Azoturia:
Syn: Monday morning sickness, Paralytic Myoglobinuria, Tying Up, Equine Exertional Rhabdomyolysis
- It is metabolic disease of horse occurring during exercise after a period of rest on full ration.
- It is characterized by muscle degeneration, Myoglobinuria, stiff gait, lameness, swelling, and hardening of skeletal muscles
Etiology:
- Overloading of carbohydrate, excessive production of lactic acid
- B1 deficiency
- E and Se deficiency
Pathogenesis:
Horses on full ration during rest period results in excess storage of glycogen in muscle.

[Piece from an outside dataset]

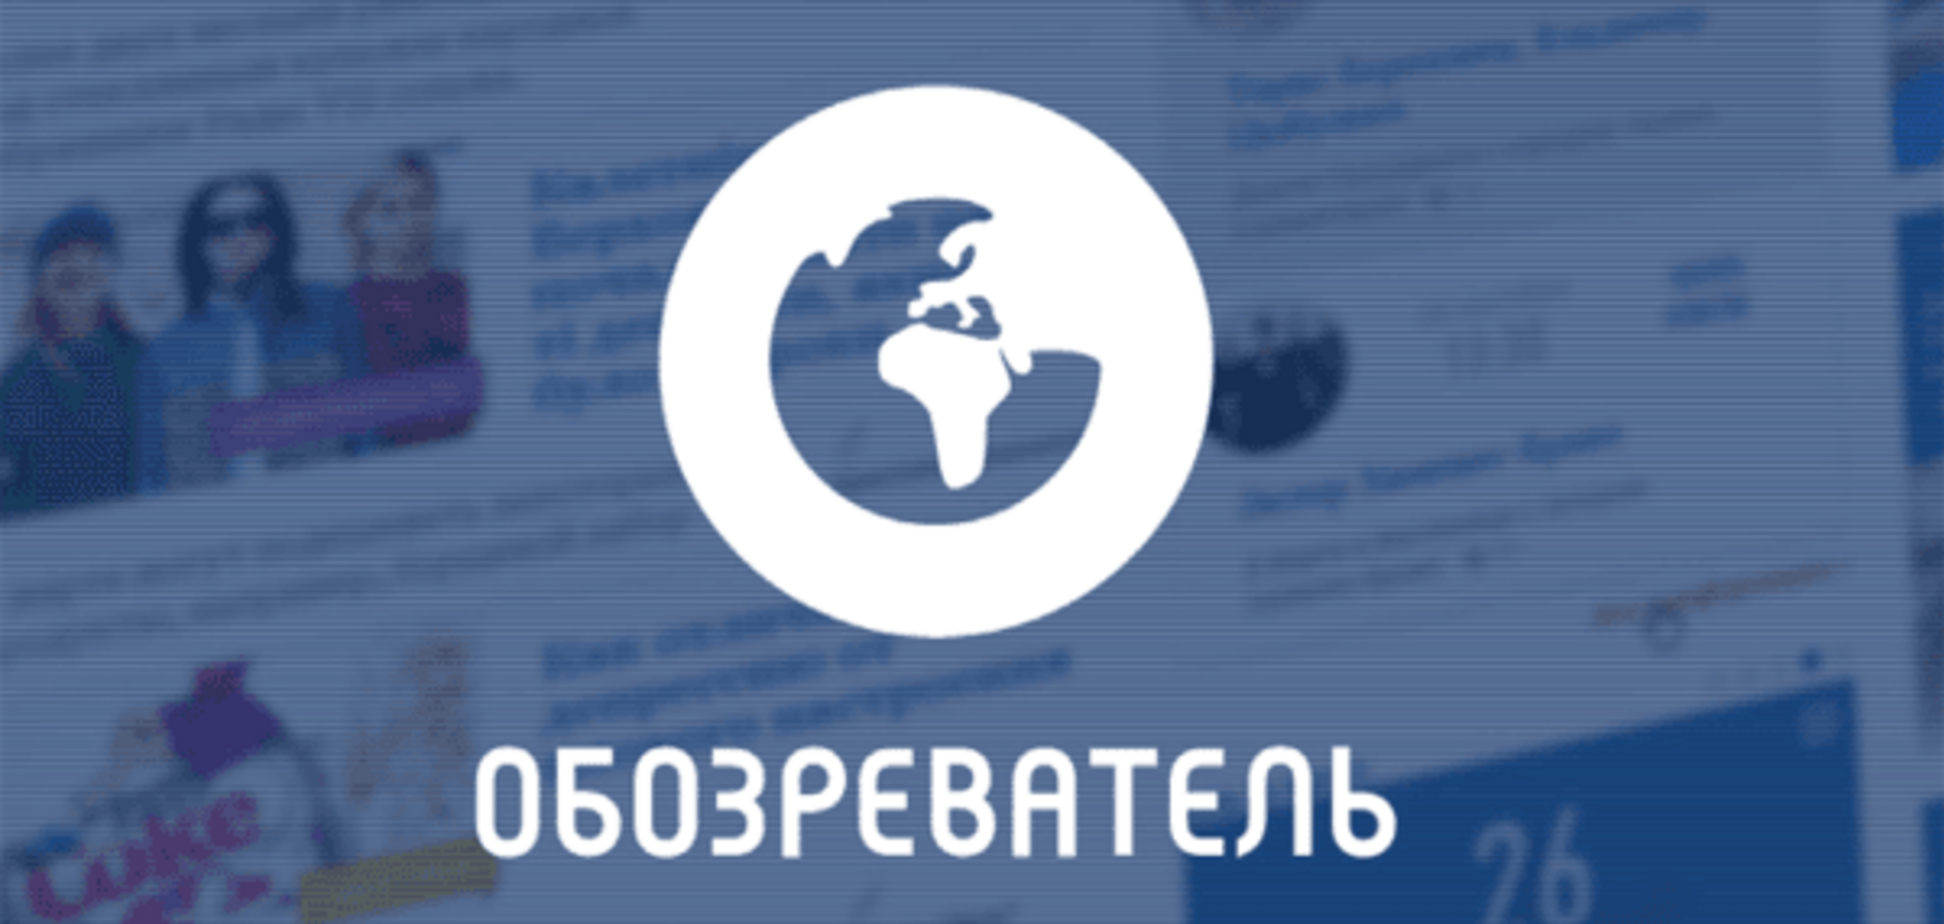 'Обозреватель' увійшов у топ найпопулярніших сайтів в Україні

During exercise, after a period of rest, muscle glycogen is rapidly converted to lactic acid due to hypoxia
Lactic acid cannot be cleared by blood and gets accumulated in muscle
Lactic acid produces toxic effect on muscle causing coagulation and degeneration
Muscle becomes hard, stiff, swollen and Myoglobinuria occurs.
Clinical Signs:
- Signs develop 15-60 minutes after beginning of exercise.
- Profuse sweating, stiffness in gait, reluctant to move
- Horse assumes a dog-sitting position followed by lateral Recumbency
- Accelerated weak pulse, rapid respiration, and temperature may rise upto 40.5°C
- Hardboard like muscles- particularly of hindlegs (gluteal and quadriceps)
- Horse voids dark-red brown urine (Hburia).
Treatment:
- Avoid further exercise, give rest to animal.
- Supportive treatment; Massage of limbs by hot application
- IV injection of large quantities of fluids and electrolytes to maintain urine flow.
- Dexamethasone IV in large doses @2-5 mg IV or IM
- Thiamin (Vitamin B1) @ 0.5-1 gm IM or IV
- NSAID; Flunixin @1ml/50 kg, b.wt., OD. It may be repeated upto 5 days
- Avil or Phenergan @ 10-15 ml, IV or IM
- E + Selenium mixture injection @1ml/50 kg, b.wt. It is repeated at 5-10 days’ interval.